Синие кристаллы на дне пустыни.
Текучее в недвижимом.
Вода в камне.Жизнь в смерти.
Смотрите на свет кристаллов.
Слушайте их песню безмолвную.
До тех пор, пока не увидите.
До тех пор, пока не услышите.
Братья наблюдают из тишины.
Ждут пробуждения своих детей.
Когда глаза увидят.Когда уши услышат.
Тогда возвратится всё к началу.
К первой заре.
Скрижаль Рассвета, Свиток Первый
Шестилетняя Лейла заметила это первой.
Тонкая грань между неведением и прозрением порой доступна лишь самым юным. Девочка приходила в Храм Воды каждое утро седьмого дня недели, когда первые лучи солнца отражались в многочисленных зеркальных поверхностях купола. Её маленькая ладонь покоилась в руке матери, тёплая и доверчивая. Пока женщина склонялась в молитве перед алтарем Аль-Мазина, шепча слова, передаваемые из поколения в поколение, Лейла занимала своё привычное место на прохладных мраморных плитах.
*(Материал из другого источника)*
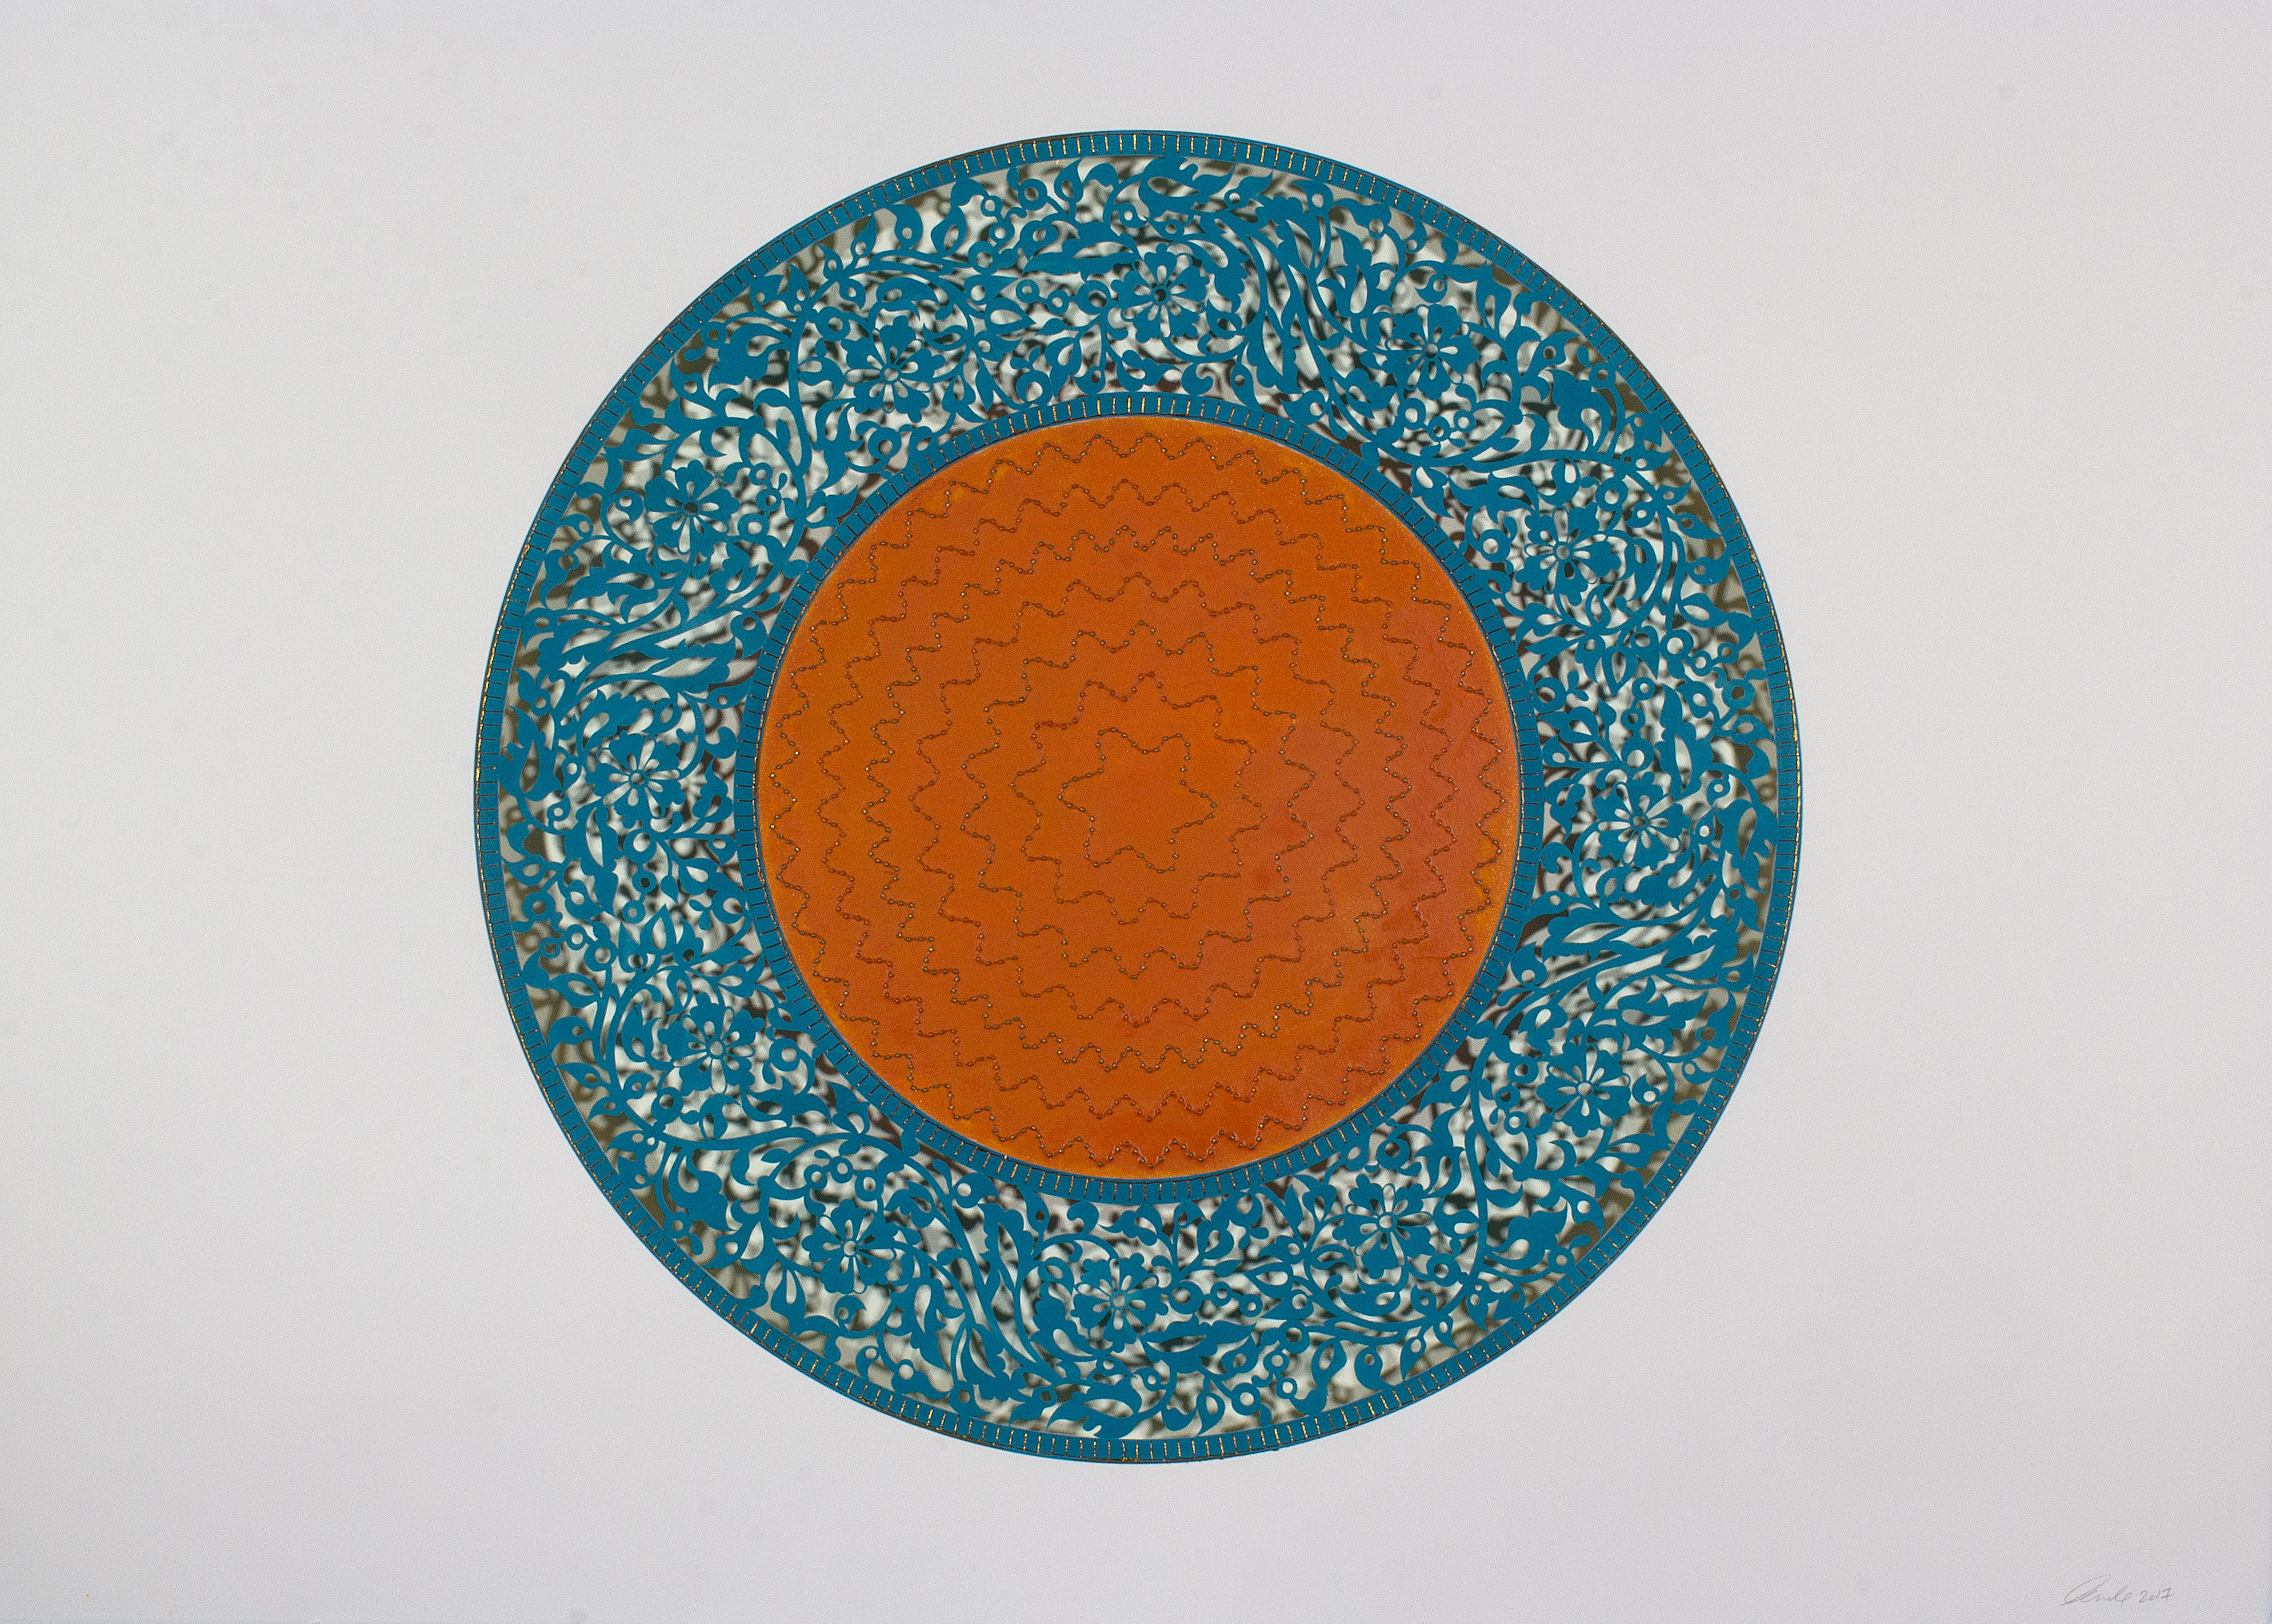 Flowers (Blue and Orange Circle)

Здесь, в тишине храма, нарушаемой лишь шелестом одежд молящихся и редкими вздохами, она смотрела на кристалл. Взгляд её темных глаз, отражающих глубинную мудрость, недоступную взрослым, не отрывался от величественного артефакта.
Огромный, размером со шкаф, кристалл парил в воздухе за алтарной преградой. Он медленно вращался. Глубокий синий свет пульсировал изнутри, словно сердцебиение древнего существа, в такт неслышной мелодии. Лейла, склонив голову набок, прищуривала глаза – ей казалось, что она почти может услышать эту музыку. Тихую, как шепот дождя по крыше в те редкие ночи, когда небеса благословляли город Аль-Мадир влагой; нежную, как прикосновение прохлады к разгоряченной коже; древнюю, как память самого времени.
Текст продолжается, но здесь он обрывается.